Setting a reserve price
The reserve price is the lowest amount you are willing to accept for your property. Before bidding begins, advise your agent what you nominate as the reserve price. This is usually not told to the prospective buyers.
If the highest bid is below the reserve price, the property will be ‘passed in’. You will then either try and negotiate a price with interested bidders or put the property back on the market.
If the bidding continues beyond the reserve price, the property is sold at the fall of the auctioneer’s hammer.
The successful bidder must sign the sale contract and pay you a deposit on the spot (usually 10%). There is no cooling-off period for anyone who buys a property at auction. If the property is passed in at auction but contracts are exchanged on that same day, the cooling-off period still does not apply.
Exchanging sale contracts is the legal part of selling a home and happens regardless of whether you sell your property by private treaty or auction.

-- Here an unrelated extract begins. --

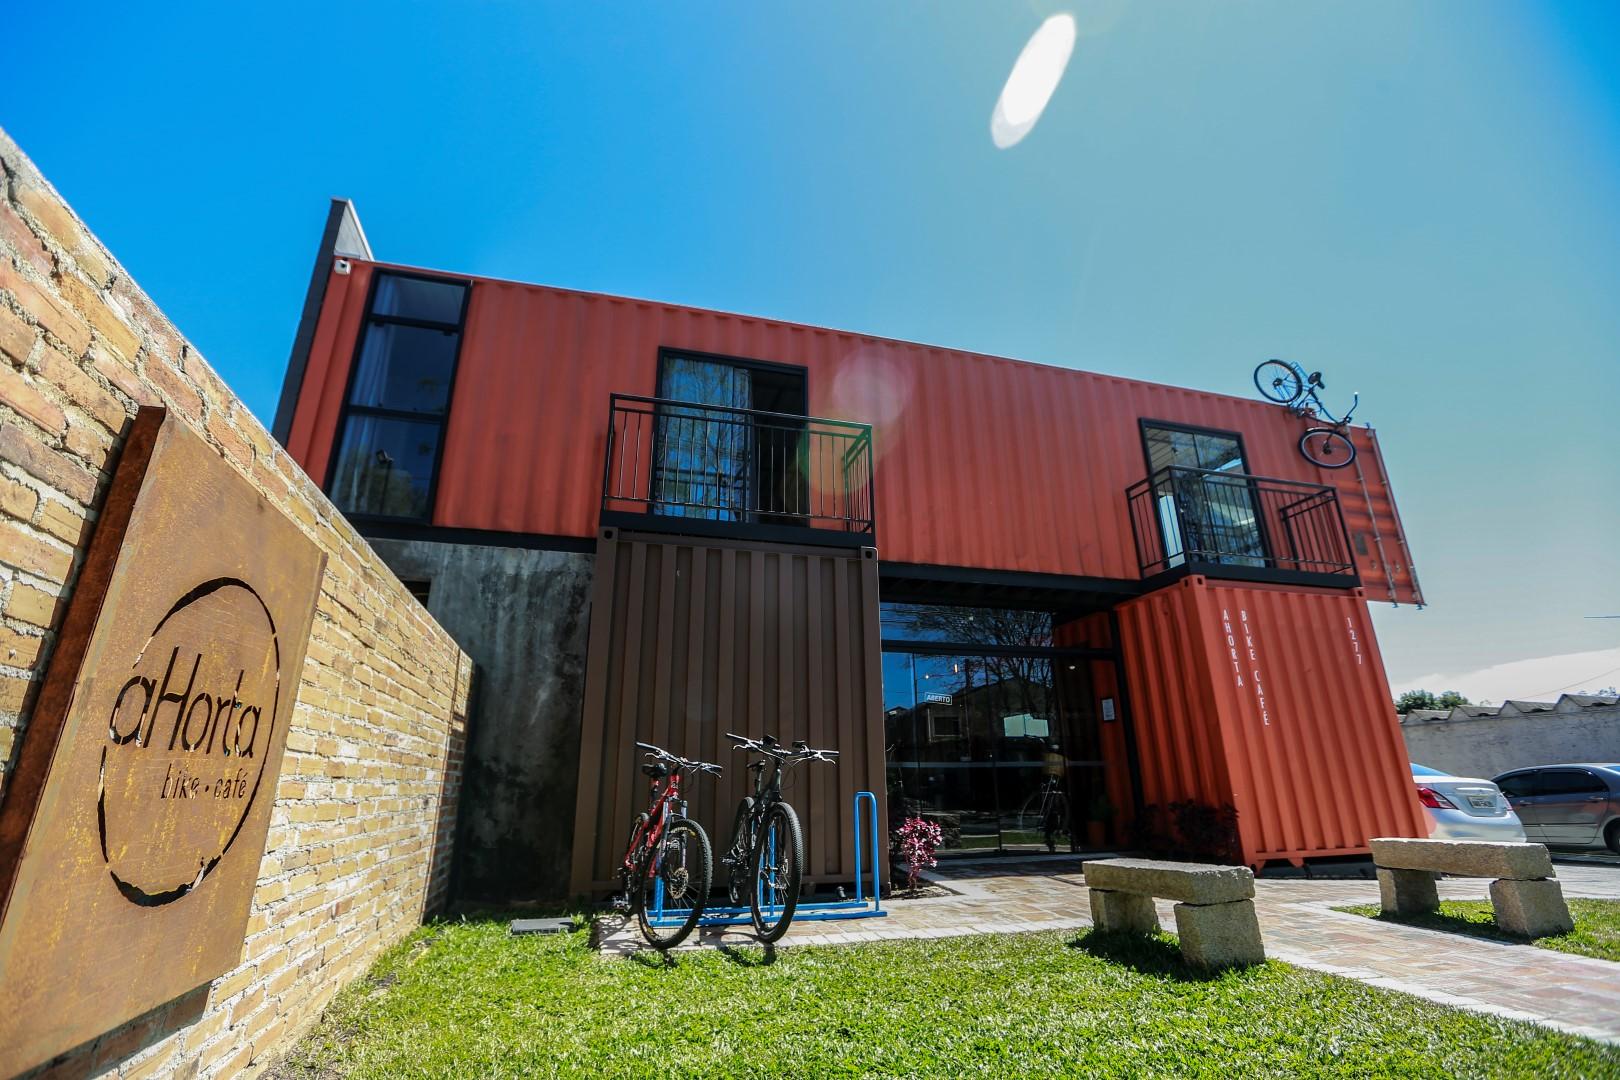 Projeto do A Horta Bike Café foi todo realizado em contêineres. Foto: Jonathan Campos / Gazeta do Povo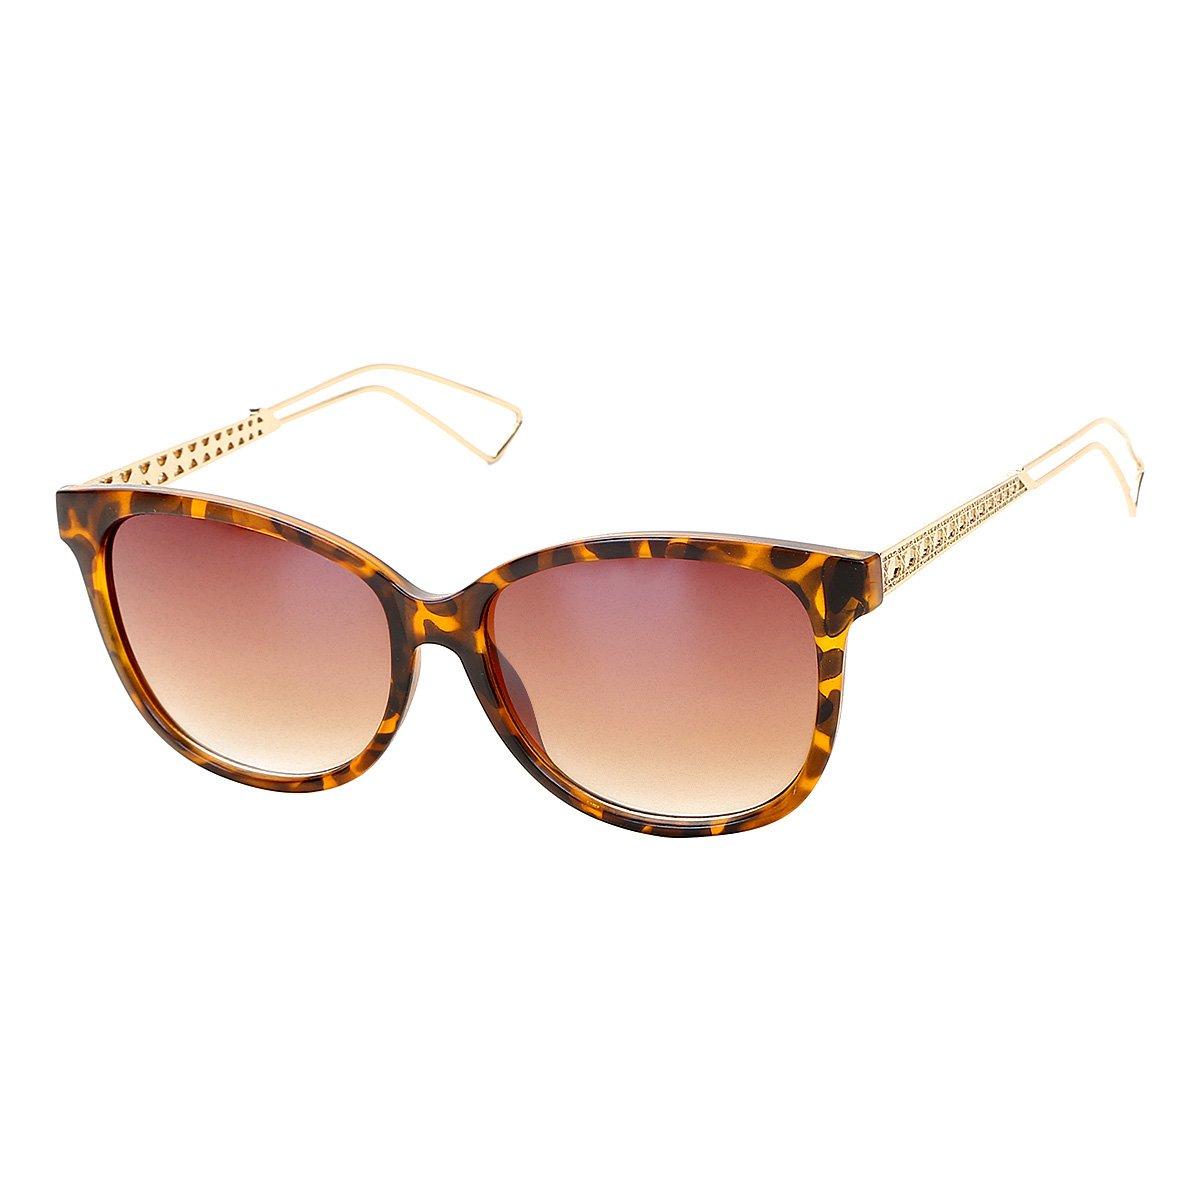 Óculos de Sol King One Gatinho HP4665 Feminino - Compre Agora   Zattini 71a23de519

There will be two copies of the sale contract: one for you and one for the buyer. You each sign one copy before they are swapped or ‘exchanged’. This can be done by hand or post and is usually arranged by your solicitor, conveyancer or the agent. At the time of the exchange, the buyer will be required to pay a deposit, usually 10% of the purchase price.
The contract exchange is a critical point in the sale process:
- The buyer or seller is not legally bound until signed copies of the contract are exchanged.
- Buyers of residential property usually have a cooling off period of five working days following the exchange of contracts during which they can withdraw from the sale.
- If the agent arranges exchange of contacts, the agent must give copies of the signed contract to each party or their solicitor or conveyancer within 2 business days.
- The cooling off period can be waived, reduced or extended by negotiation.
- There is no cooling off period for sellers. Once contracts have been exchanged, sellers are generally bound to complete the agreement.
- There is no cooling off period when purchasing at auction.
Settlement is the conclusion of the sale transaction and usually takes place about six weeks after contracts are exchanged.